Job Summary
The Databricks Data Engineer will be responsible for designing, developing, and maintaining data ingestion and transformation pipelines within a Databricks Lakehouse environment. This role focuses on integrating data from multiple source systems, implementing scalable data architectures, and preparing high-quality datasets for downstream analytics and reporting. The ideal candidate will have strong experience with Databricks, Spark, Python, SQL, and modern data engineering practices.
Key Responsibilities
• Develop and maintain data ingestion pipelines that integrate data from multiple source systems.
• Design, build, and optimize ETL/ELT pipelines using Databricks, PySpark, and SQL.

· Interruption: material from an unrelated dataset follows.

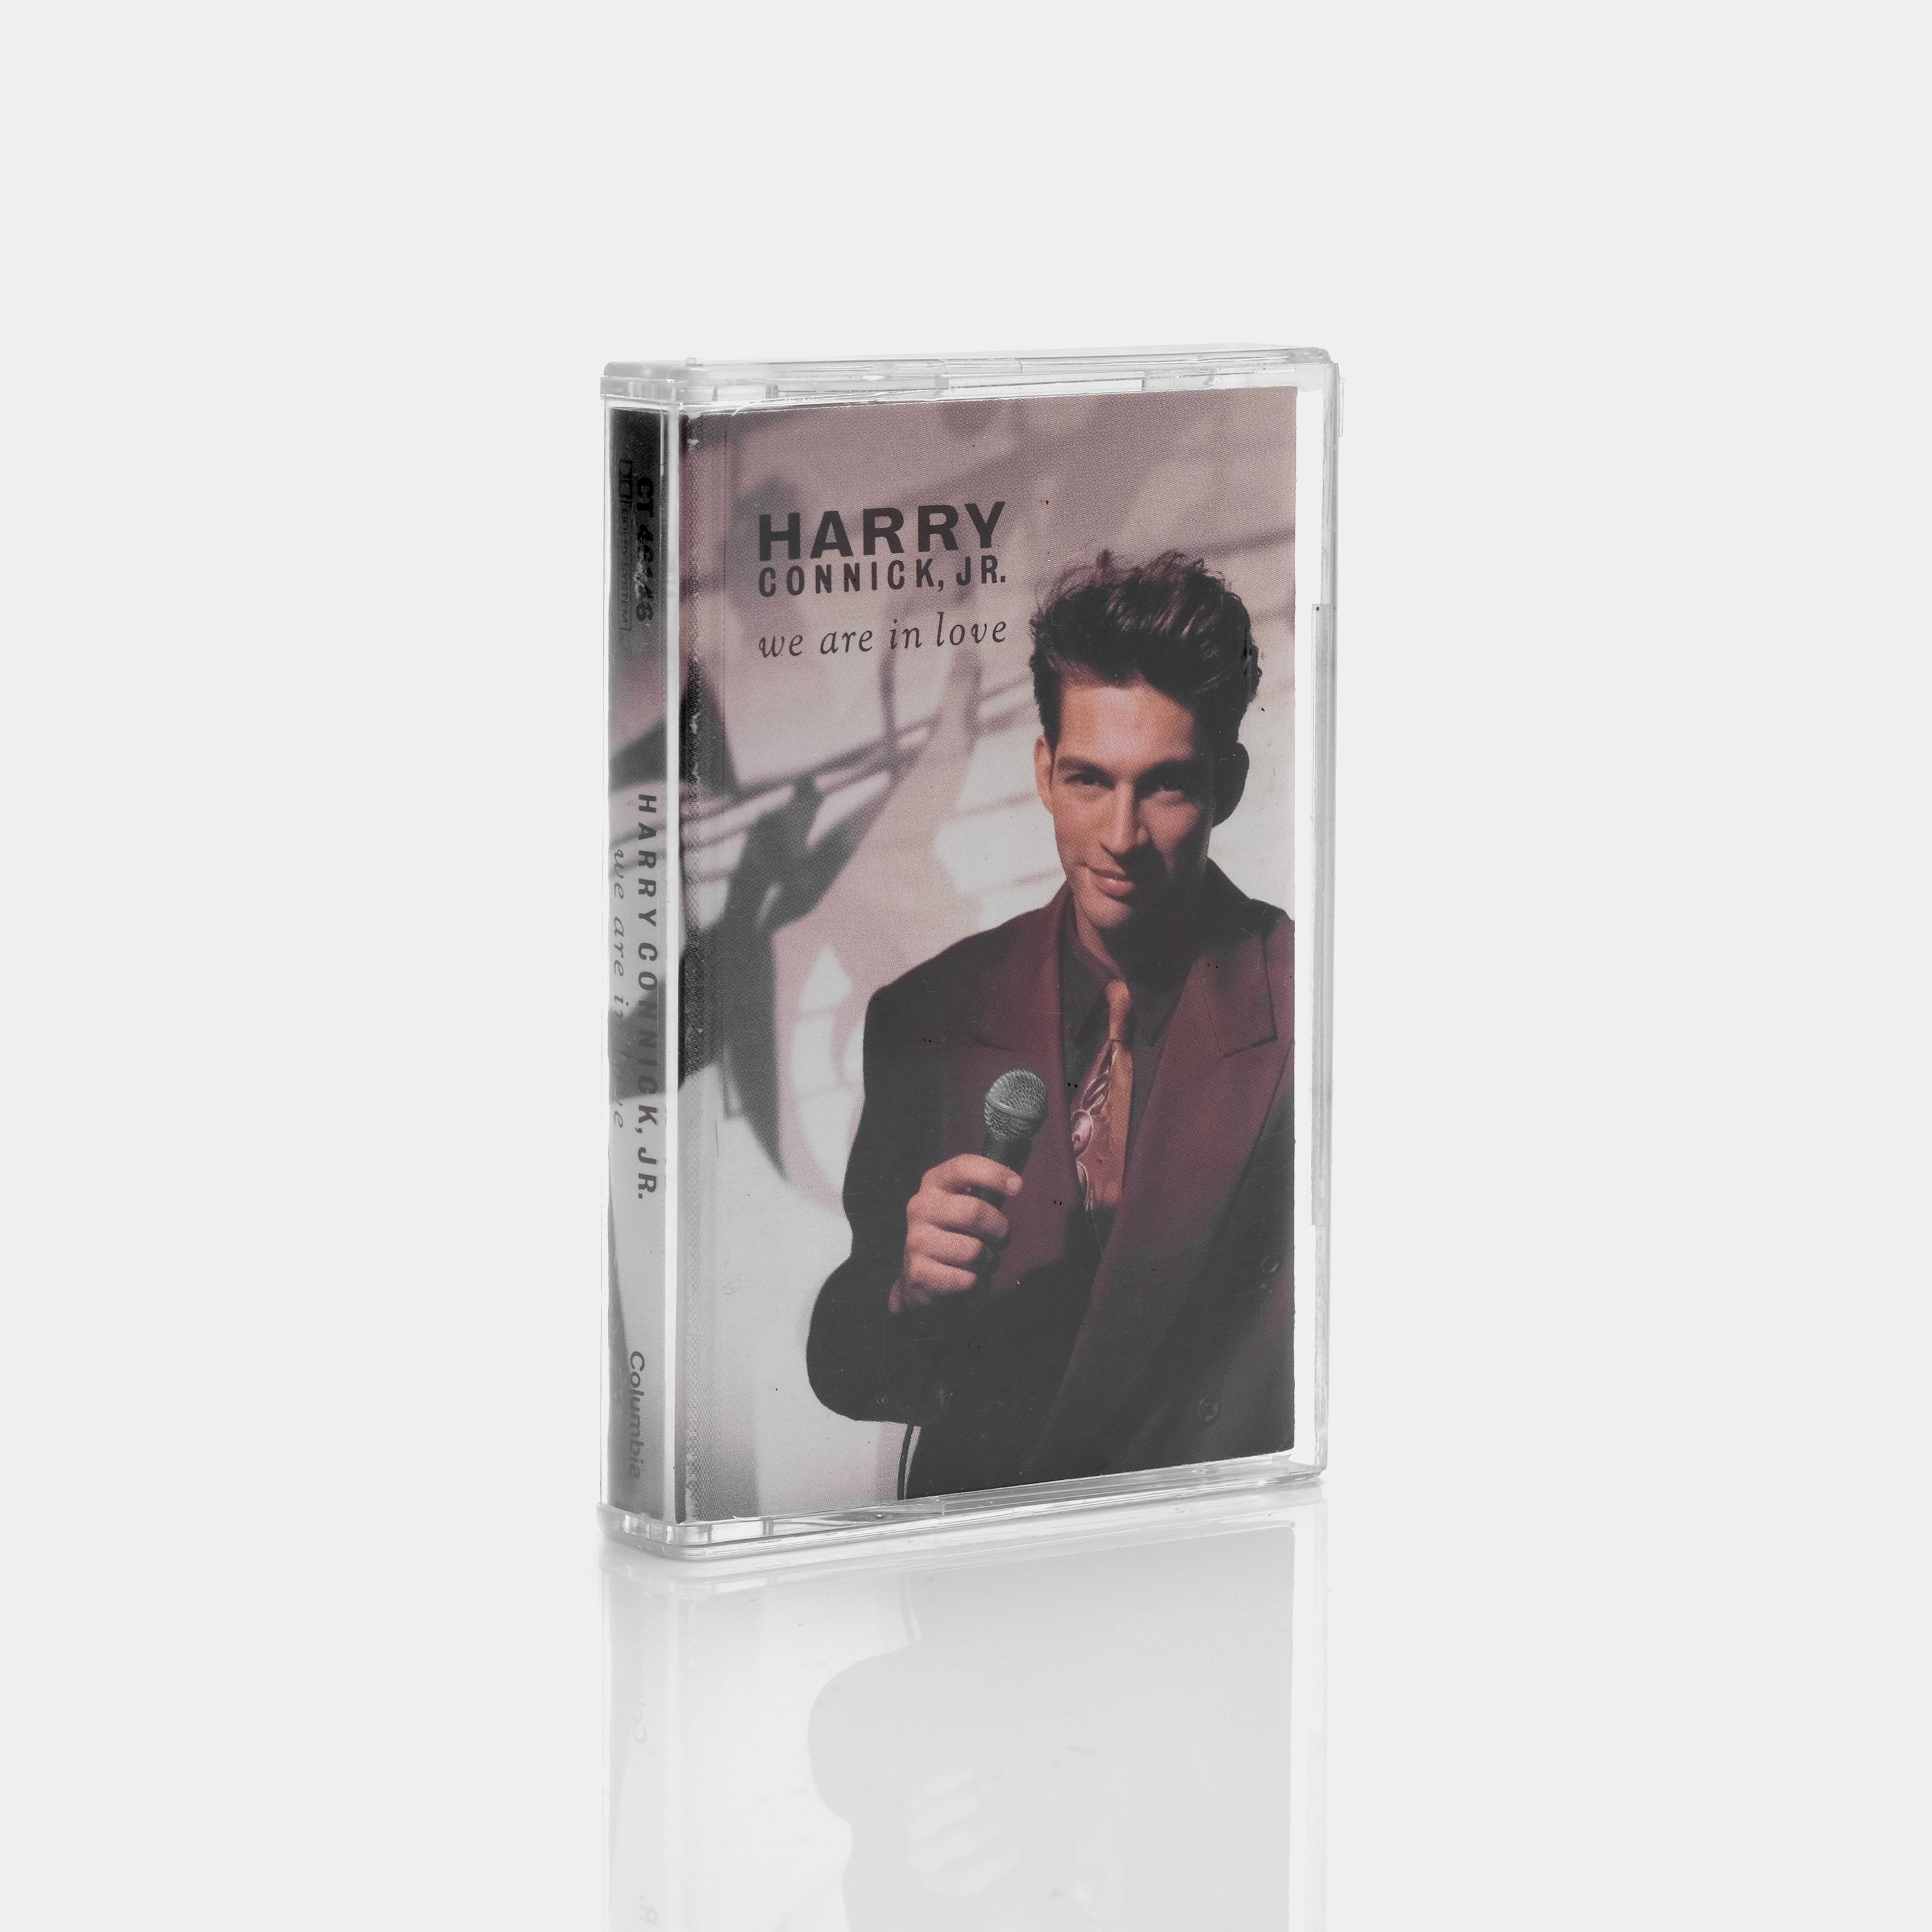 Harry Connick, Jr. - We Are In Love Cassette Tape

• Implement and support Medallion Architecture layers, including Bronze, Silver, and Gold data models.
• Ensure data quality, validation, and consistency across data pipelines and datasets.
• Monitor, troubleshoot, and resolve data pipeline execution issues.
• Optimize pipeline performance, scalability, and reliability to support enterprise data workloads.
• Work with structured and semi-structured data formats from diverse source systems.
• Support data transformation, cleansing, enrichment, and integration activities.
• Collaborate with data analysts, data scientists, and business stakeholders to support analytics requirements.
• Maintain technical documentation related to data pipelines, architectures, and processes.
• Follow data engineering best practices for performance, security, governance, and operational support.
• Participate in code reviews, testing, and continuous improvement initiatives.
Required Qualifications
• 6+ years of experience in Data Engineering.
• Hands-on experience with Databricks and Apache Spark.
• Strong programming experience with Python.
• Strong SQL development and query optimization skills.
• Experience designing, developing, and maintaining ETL/ELT pipelines.
• Experience implementing and supporting Delta Lake architectures.
• Understanding of distributed data processing systems and large-scale data platforms.
• Experience working with structured and semi-structured data formats.
• Strong troubleshooting, performance tuning, and problem-solving skills.
• Experience monitoring and supporting production data pipelines.
• Ability to work effectively in a collaborative team environment.
• Strong communication and documentation skills.
Preferred Qualifications
• Experience implementing Medallion Architecture (Bronze, Silver, Gold) within Databricks environments.
• Experience working with cloud-based data platforms and modern data lake architectures.
• Experience supporting enterprise analytics, reporting, and business intelligence initiatives.
• Knowledge of data governance, data quality, and data lifecycle management best practices.
• Experience working in Agile development environments.